* Activity
From the line containing "2024 Triumph Scrambler" to the last line of the data, both included, transcribe each line exactly, leaving out pictures and adding nothing.

* Information shown
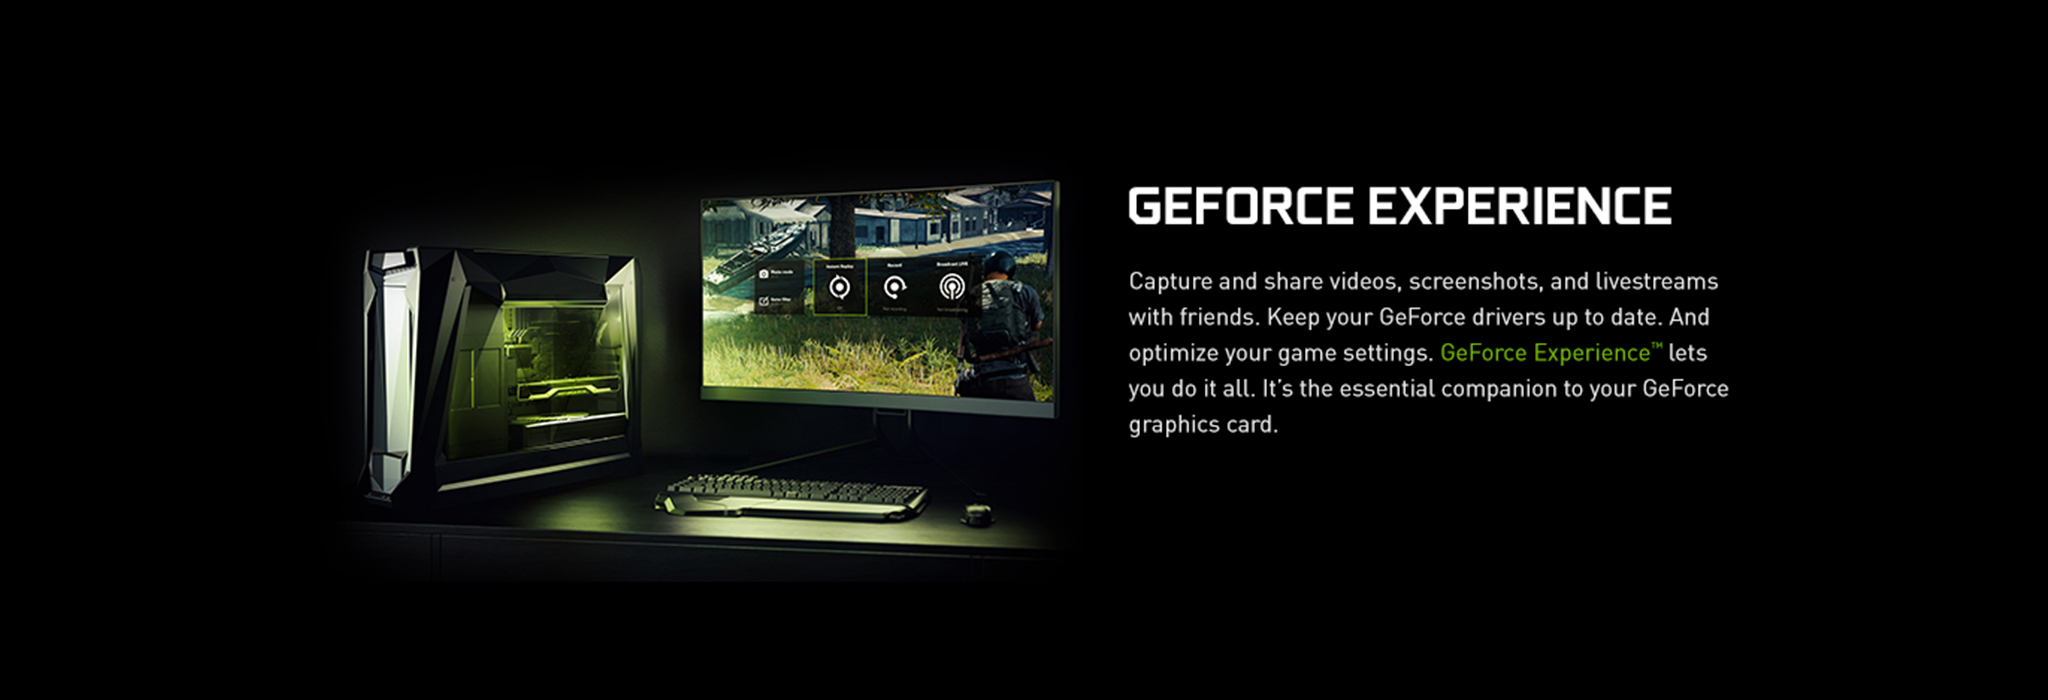 Geforce 1660 ti драйвер. GEFORCE experience 1650. GTX 1650 драйвер. NVIDIA GEFORCE GTX 1660 Driver. Драйвера GTX 1650 Скриншоты.
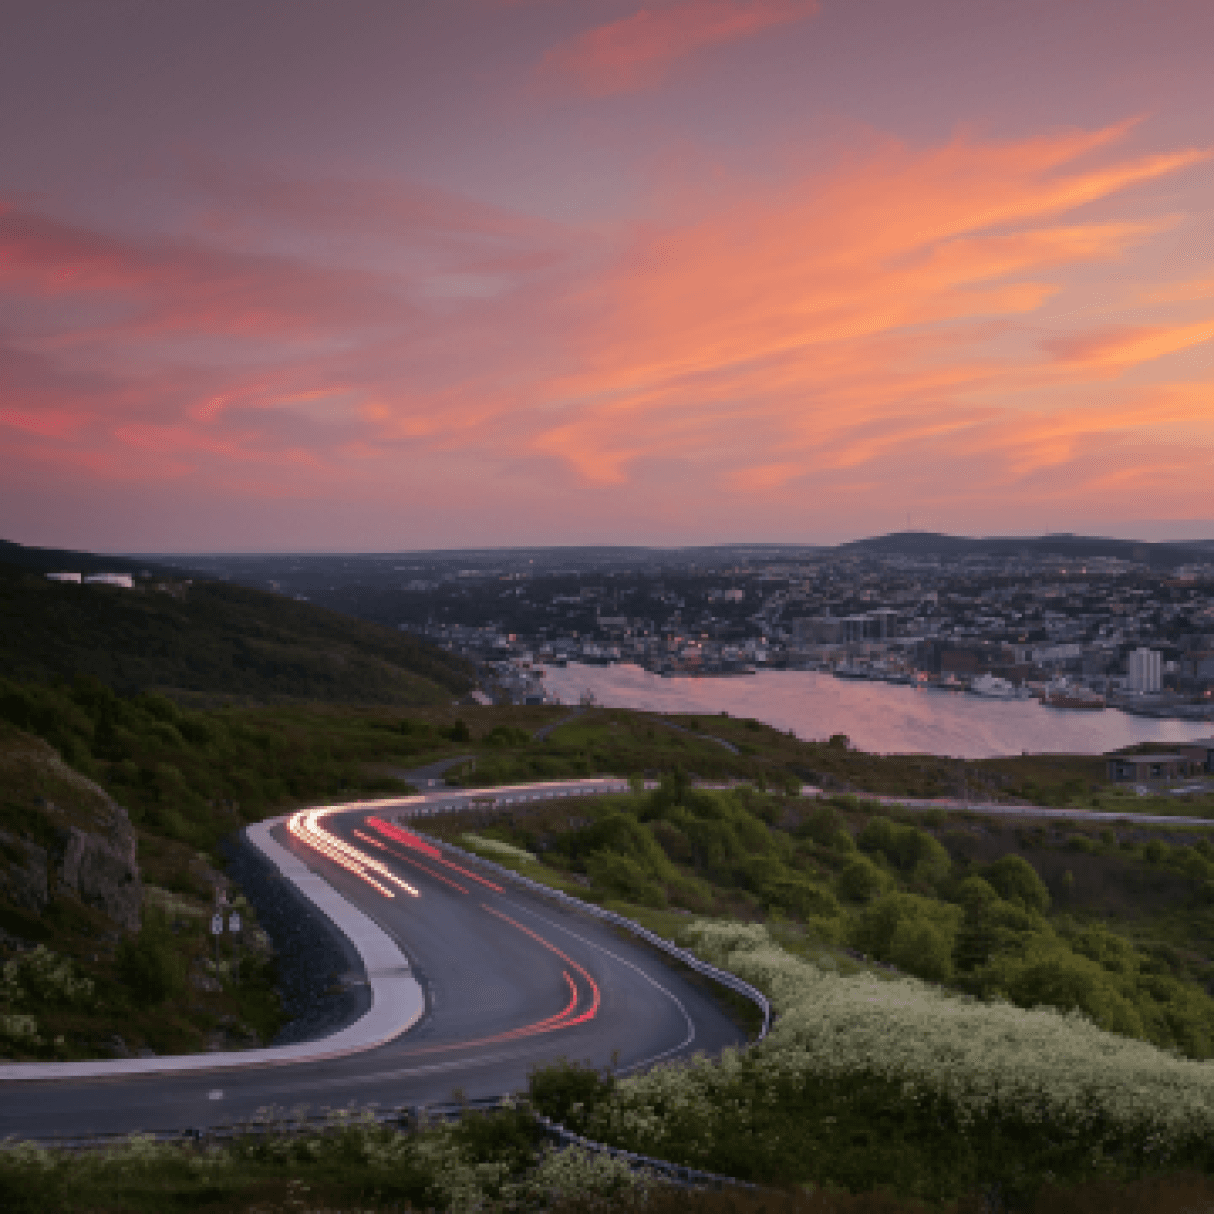 The road outside St. John's, Newfoundland at sunset
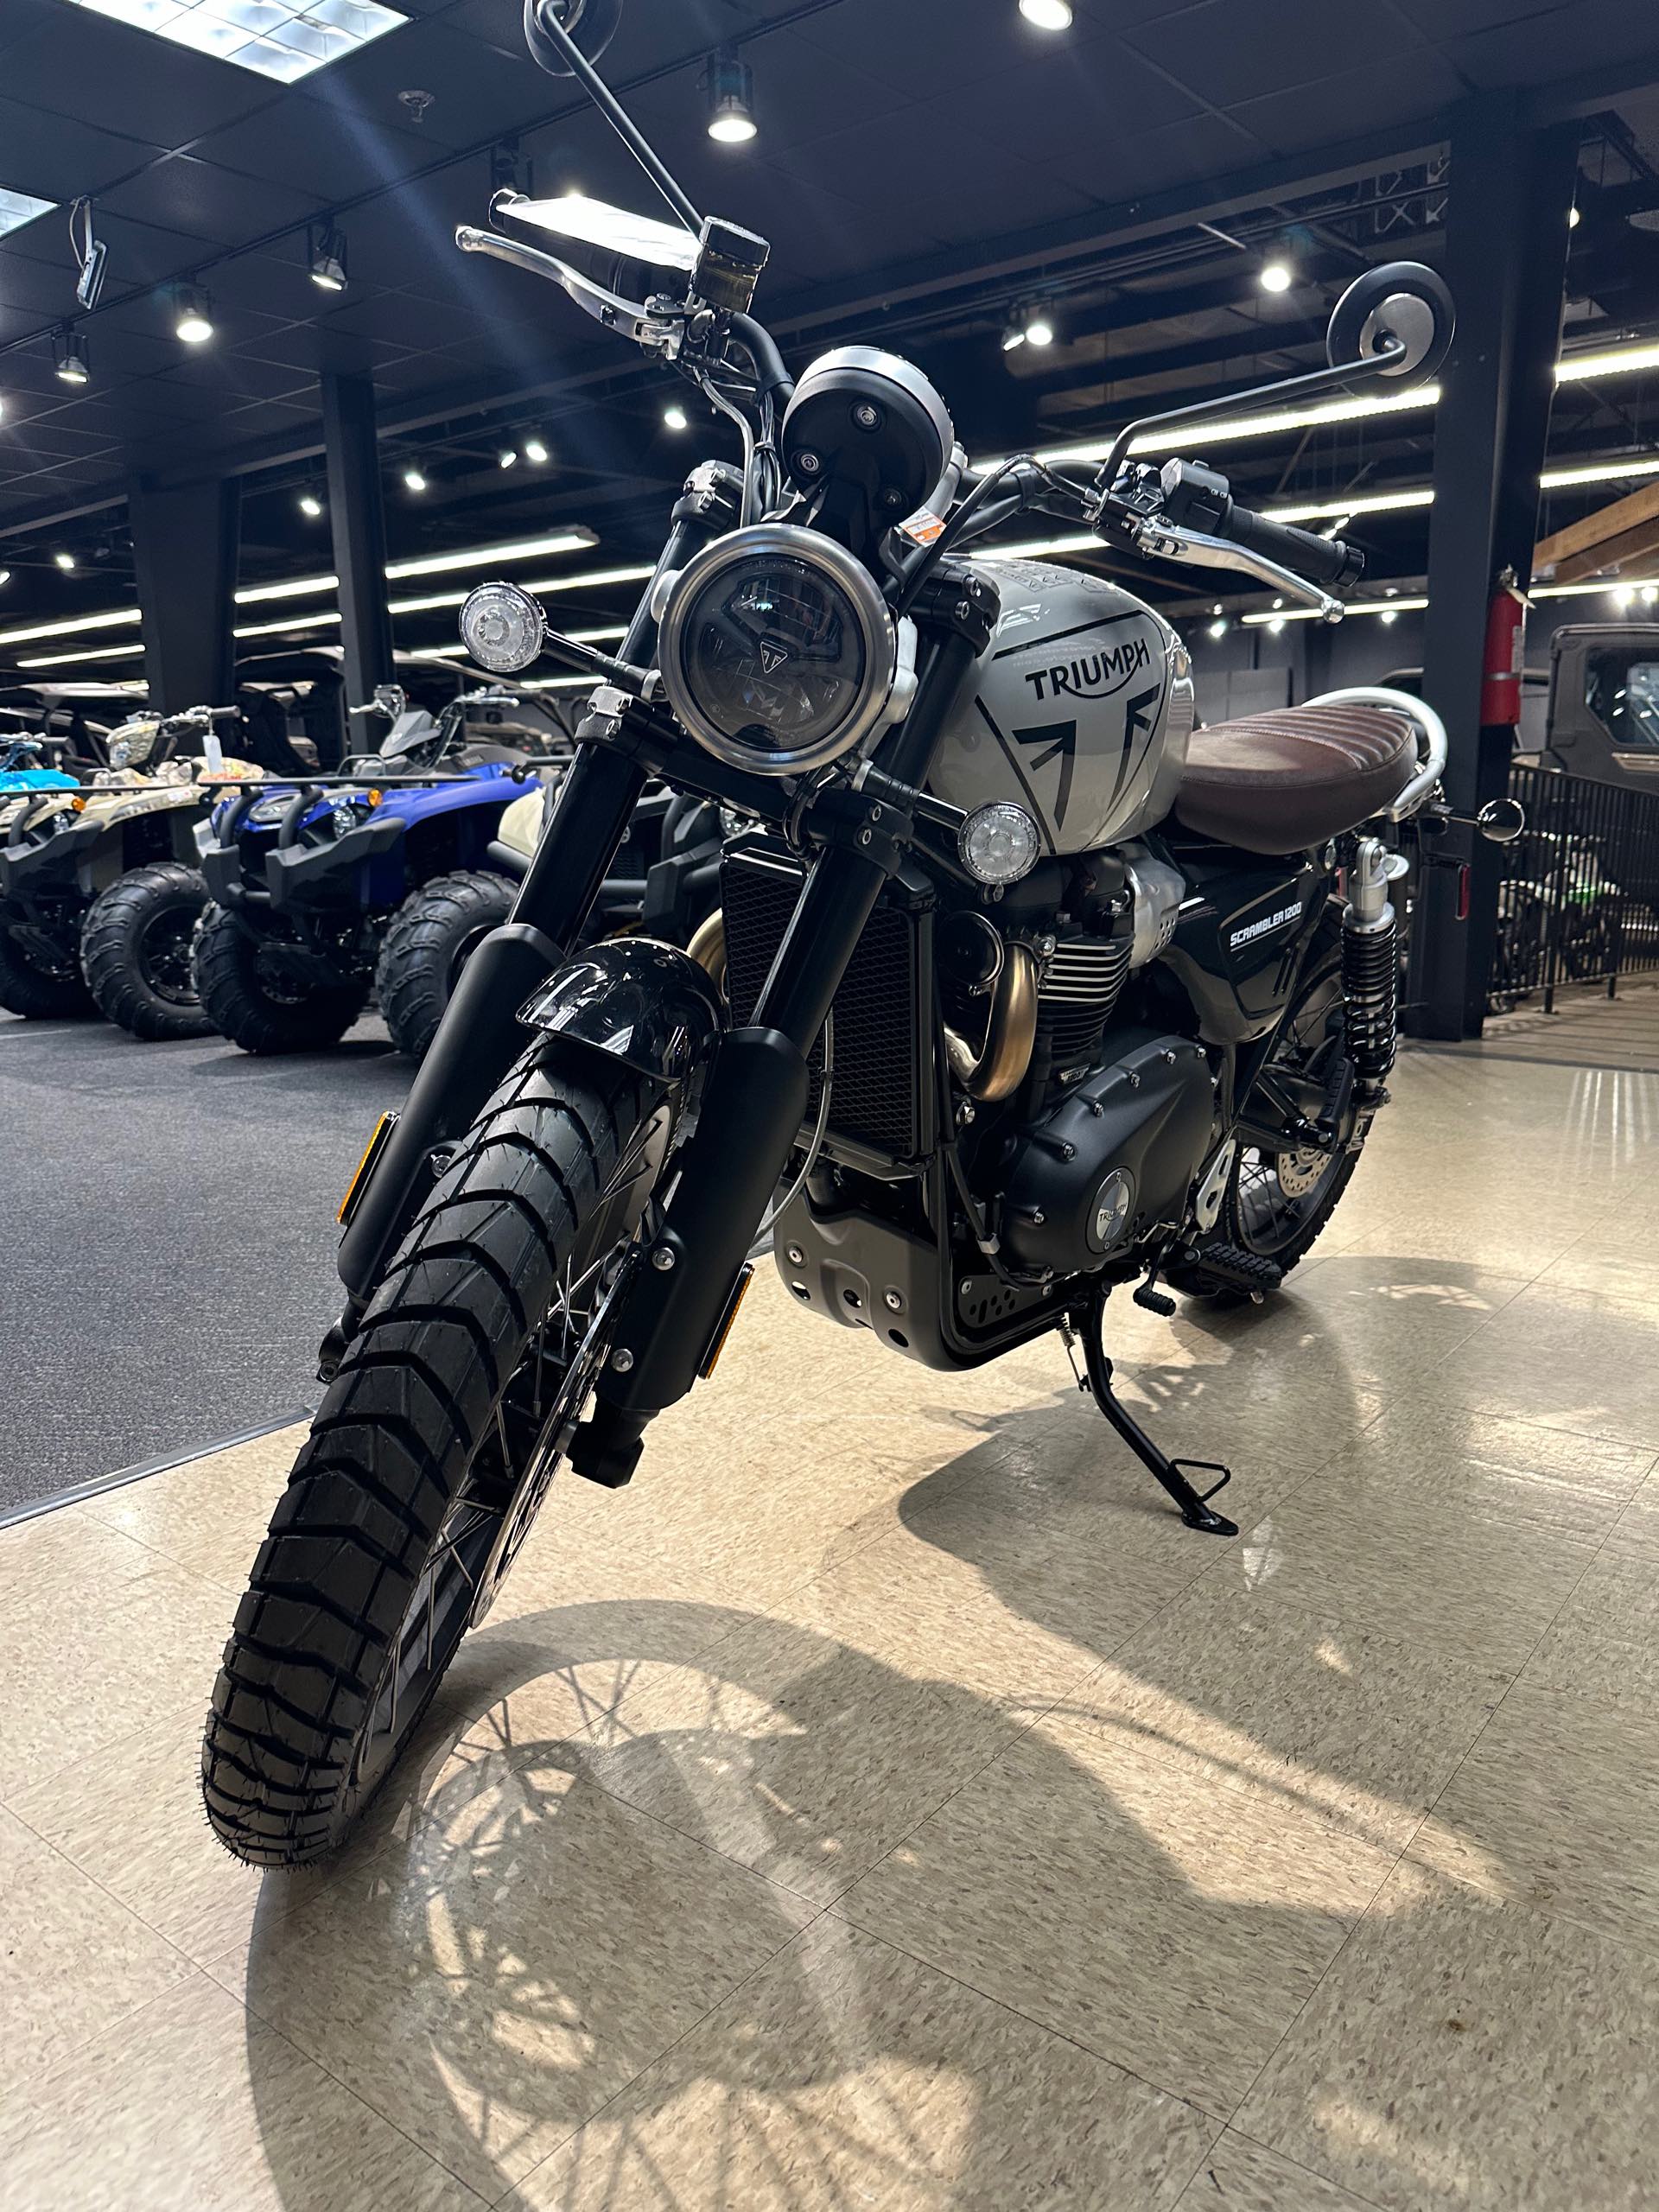 2024 Triumph Scrambler 1200 X at Sloans Motorcycle ATV, Murfreesboro, TN, 37129
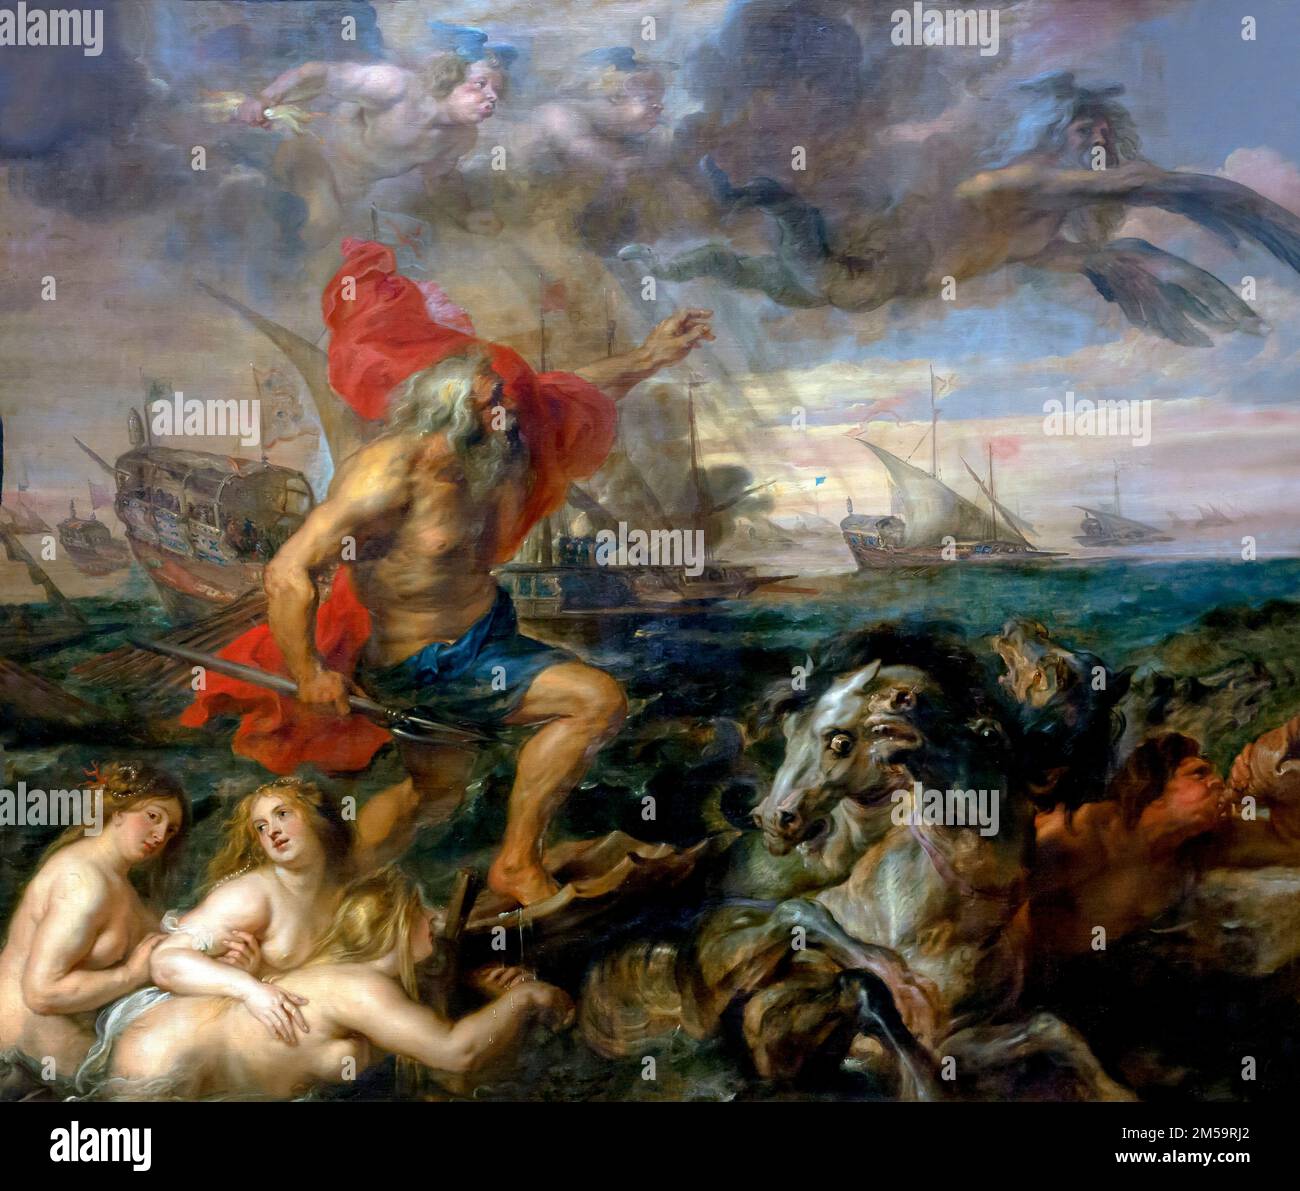 Quos Ego, Neptun beruhigt die Wellen, Peter Paul Rubens, circa 1635, Gemaldegalerie Alte Meister, Dresden, Deutschland, Europa Stockfoto

* Result below
 2024 Triumph Scrambler 1200 X at Sloans Motorcycle ATV, Murfreesboro, TN, 37129
 Quos Ego, Neptun beruhigt die Wellen, Peter Paul Rubens, circa 1635, Gemaldegalerie Alte Meister, Dresden, Deutschland, Europa Stockfoto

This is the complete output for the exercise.